17 staf harian oposisi terbesar di Turki "Cumhuriyet" hari Senin (24/7) diajukan ke pengadilan. Mereka ditangkap Oktober lalu pasca kudeta yang gagal dengan tuduhan mendukung terorisme.
Iklan
17 staf Cumhuriyet, termasuk penulis, kartunis dan jajaran eksekutif – dihadapkan ke pengadilan di Istanbul. Acara persidangan dipenuhi oleh para pendukungnya, kata kantor berita AFP. Mereka melepaskan puluhan balon warna-warni di luar gedung pengadilan, sambil meneriakkan: "Jangan dibungkam! Media yang bebas adalah hak!"
Jika terbukti bersalah, para terdakwa menghadapi hukuman penjara hingga 43 tahun. Kalangan oposisi khawatir, pemerintahan Erdogan kini menggunakan keadaan darurat untuk mengejar dan menangkap siapa pun yang berani menentang kebijakan Presiden Erdogan.
Presiden Erdogan dalam dalam sebuah wawancara awal bulan ini bersikeras, di Turki saat ini hanya ada "dua orang yang benar-benar jurnalis" yang ditahan. Namun menurut kelompok kebebasan pers P24, ada 166 wartawan yang dijebloskan ke penjara, sebagian besar ditangkap di bawah keadaan darurat. Turki saat ini berada di urutan ke-155 dalam indeks kebebasan pers Reporters Without Borders (RSF), di bawah Belarus dan Republik Demokratik Kongo.
Harian "Cumhuriyet", artinya "Republik", didirikan tahun 1924, adalah salah satu harian tertua di Turki. Dalam beberapa tahun terakhir, harian yang pemberitaannnya kritis ini berada dalam bidikan pemerintahan Erdogan.
Mereka yang dihadapkan ke pengadilan termasuk beberapa nama besar dalam dunia jurnalisme di Turki, antara lain pemimpin redaksi Murat Sabuncu, kolumnis Kadri Gursel dankartunis Musa Kart. Juga wartawan investigasi Ahmet Sik, yang pada tahun 2011 menulis sebuah buku "Tentara Imam" yang memperlihatkan pengaruh gerakan Gulen di Turki. Sebelas dari 17 jurnalis yang diadili berada dalam tehenan, sementara enam lainnya masih bebas.
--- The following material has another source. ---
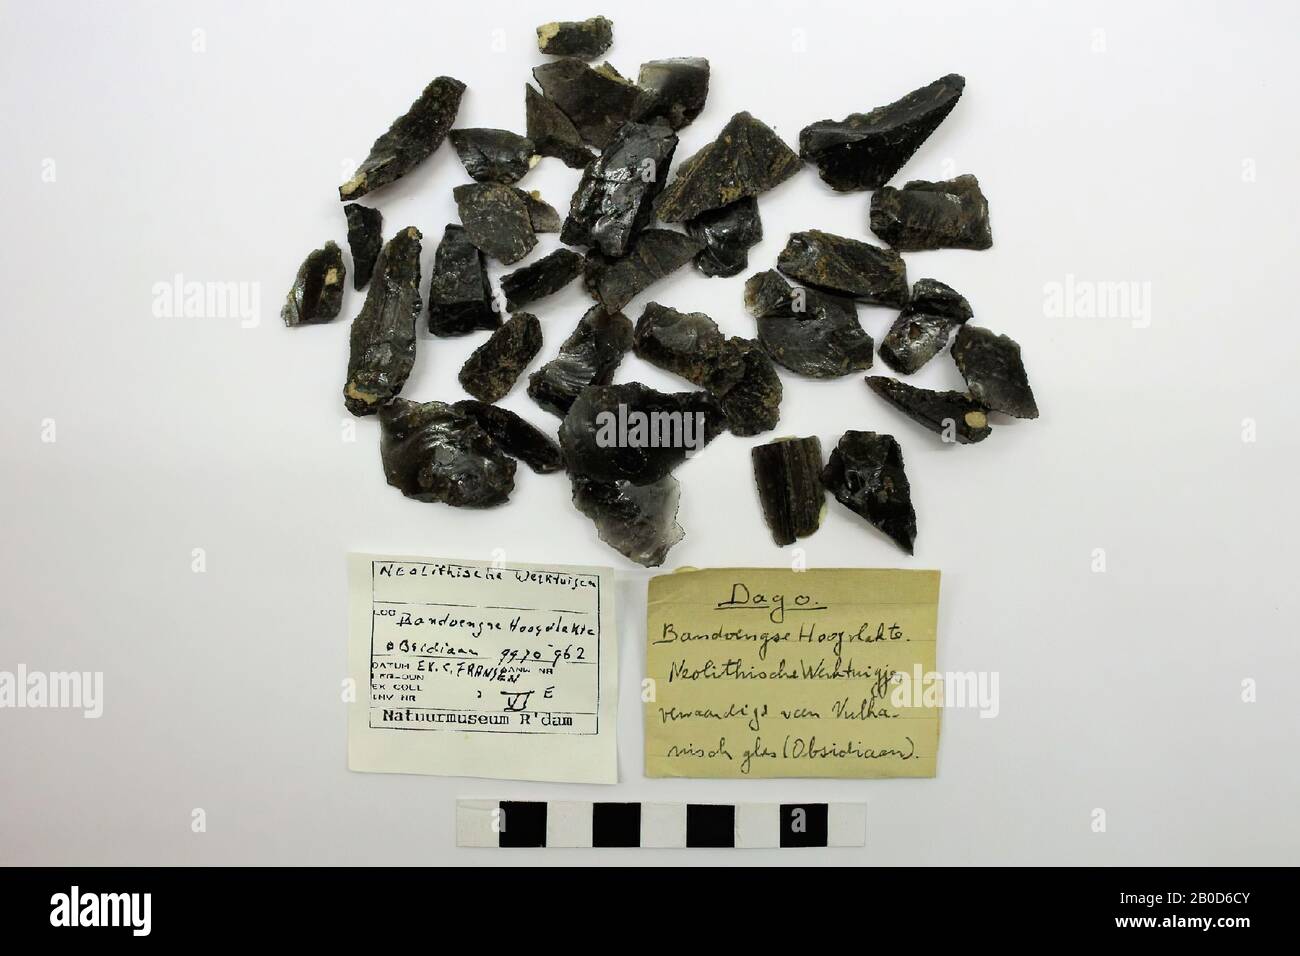 36 fragments of obsidian (volcanic glass), including exits. Ticket: Day 0. Bandoengse Plateau. Neolithic tools made of volcanic glass (Obsidian). Also map of Natural History Museum Rotterdam present, fragments, stone, obsidian, diverse, Indonesia, Sulawesi Stock Photo

"Pengadilan ini adalah ujian bagi Turki," Aydin Engin, salah satu penulis yang dibebaskan setelah penangkapan pertamanya, namun kini diajukan ke pengadilan.
Mantan pemimpin redaksi Cumhuriyet, Can Dundar, tahun lalu sudah dijatuhi hukuman lima tahun dan 10 bulan penjara karena berita yang menuduh pemerintah mengirim senjata ke Suriah di halaman depan surat kabarnya. Dia sekarang telah meninggalkan Turki dan berada di Jerman.
Mereka yang berada dalam tahanan sudah ditahan selama 267 hari, kecuali Sik, yang ditahan selama 206 hari. Sejak penangkapan mereka, Cumhuriyet terus menerbitkan kolom-kolom para jurnalis yang dipenjara, dengan ruang kosong tanpa teks.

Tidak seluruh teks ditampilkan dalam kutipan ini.